# 1970 Lemans Trunk pan



## Mage0095 (Sep 17, 2015)

Im wondering what the portion of trunk under the trunk latch is called? ive got a 70 lemans and its rusted through the section of the trunk that goes along the back end where the trunk latch is located. I cant find anybody that reproduces them.


----------



## Red1970GTO (Jun 25, 2011)

(_in my own defense: I'm hiding out in the computer room until "the wife" finishes cooking_).
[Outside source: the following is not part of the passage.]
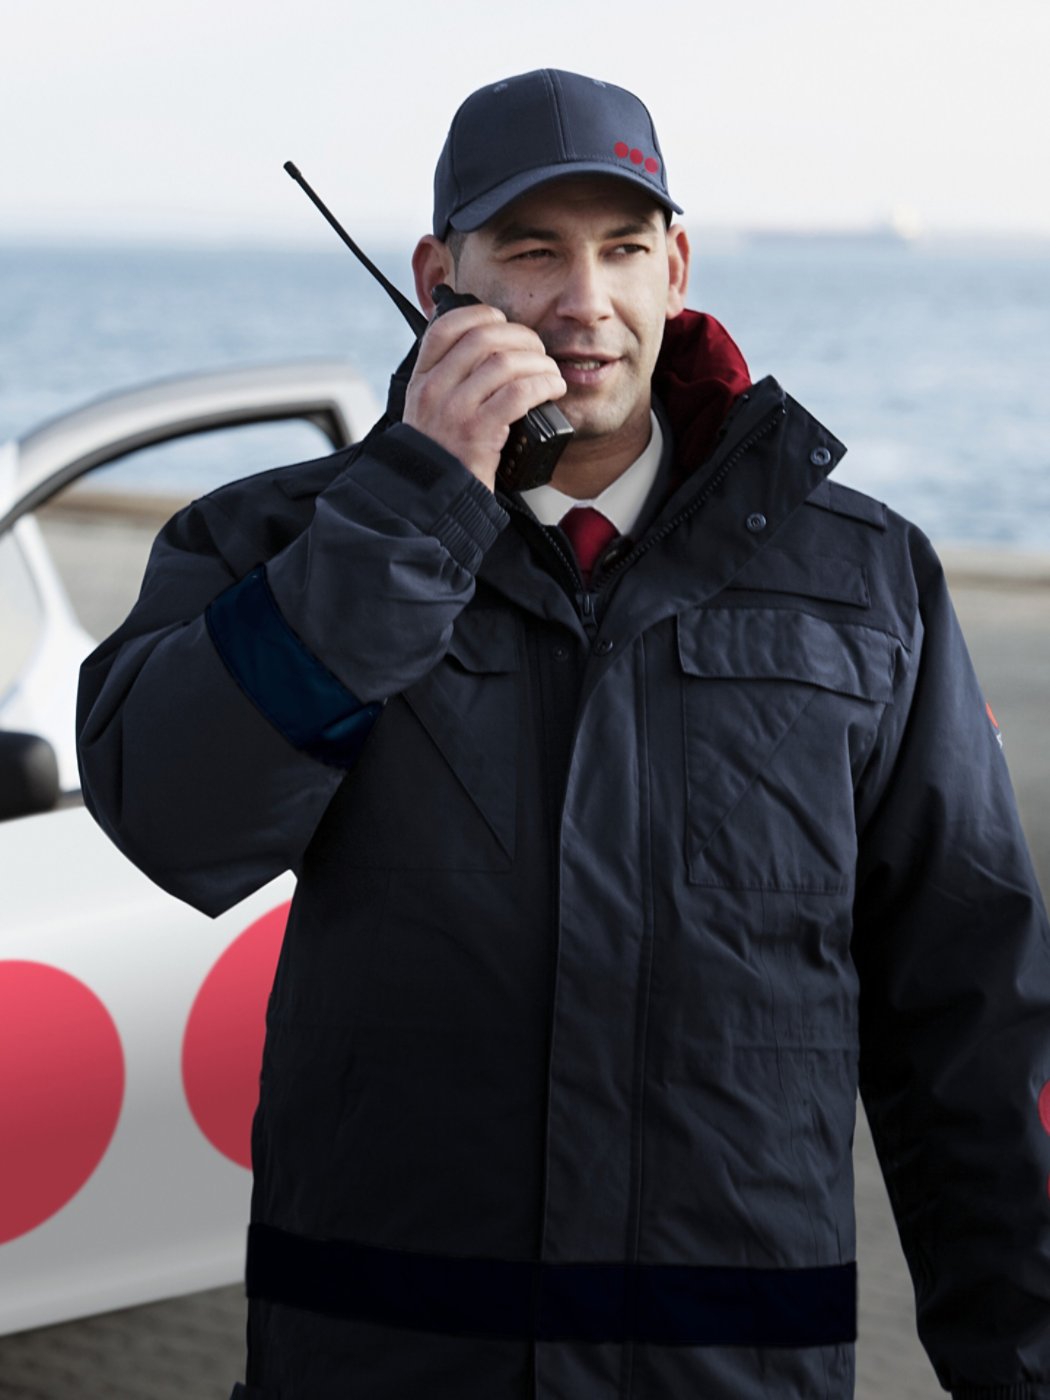 Security guard in harbor on phone

I've only heard that piece referred to as a "*Tail Lamp Panel*" or simply a "*Tail Panel*," and no, it's not reproduced for the '70 GTO. I'd call *Joe at Arizona Chevs *and see if the one he's got for a Skylark will work for your Goat.

http://www.azchevs.com/
http://www.azchevs.com/images/72_shell_003.JPG

Your other choice is Car-Part.com--Used Auto Parts Market

Or Craig's List for someone parting out a '70 - '72 Tempest/LeMans/GTO:


----------



## Pinion head (Jan 3, 2015)

Have cut many of these out of '69's and '70-72 LeMans and GTO partscars with 1/4's that were too far gone. 

Currently, have the piece out of a '70 LeMans, the section is solid, but so was the rh quarter panel, and I zipped the 1/4 off on the same plane as the rh edge of the trunk lid/rh 1/4. Interested in purchase, send me a PM with a phone # and can get you some pics.


----------



## Mage0095 (Sep 17, 2015)

Would the trunk tail pan from a 68 skylark be the same for a 70 lemans?


----------



## Pinion head (Jan 3, 2015)

Not the upper trunk pan on the ledge going toward the backseat divider. 
The bottom area, I would bet is the same.


----------